Paola Andrea Pinilla Ortiz is a Colombian astrophysicist whose research concerns the accretion of interplanetary dust clouds into protoplanetary disks as part of the formation of exoplanets. Educated in Colombia and Germany, she works in England as associate professor in exoplanets at the University College London Department of Space & Climate Physics, affiliated with the university's Mullard Space Science Laboratory.[1]

Education and career

Pinilla is originally from Bogotá,[2][3] and was inspired to go into astronomy following the interest of her older brother, and by watching the television series Cosmos: A Personal Voyage.[4]

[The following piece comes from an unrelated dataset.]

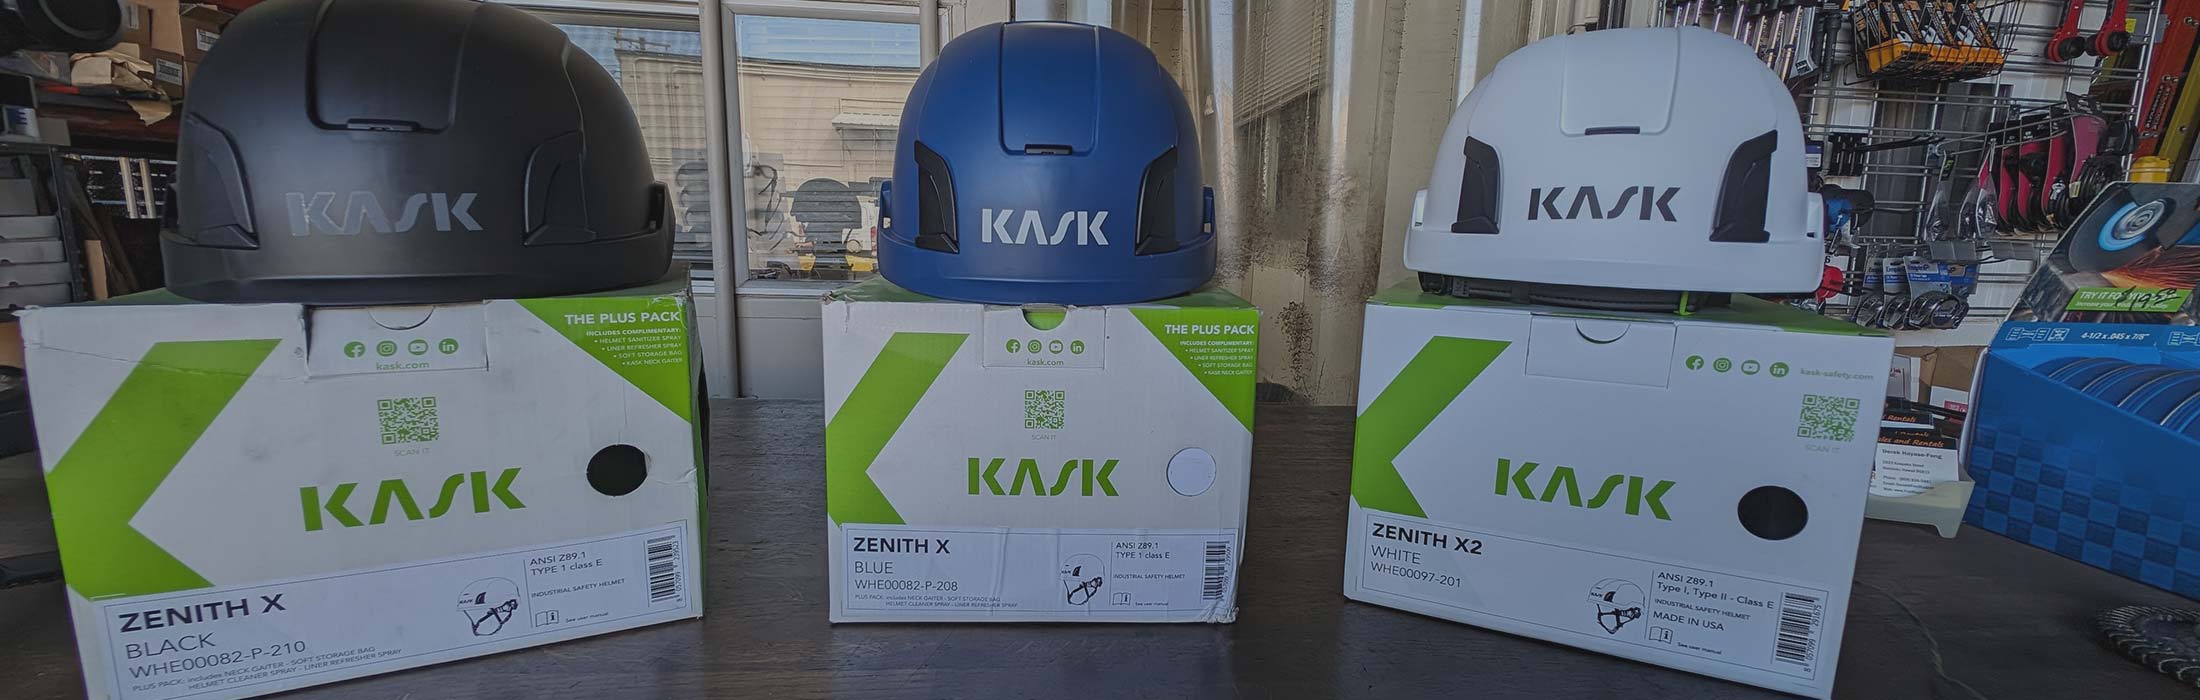 image of Kask safery helmets at Fred Rader

As a student at the University of the Andes (Colombia), Pinilla earned a bachelor's degree in physics with a minor in mathematics in 2007 and a master's degree in physics in 2009. She went to Heidelberg University in Germany for doctoral study in physics, completing her Ph.D. there in 2013. Her dissertation, Testing models of dust evolution in protoplanetary disks with millimeter observations, was supervised by Cornelis P. Dullemond.[5]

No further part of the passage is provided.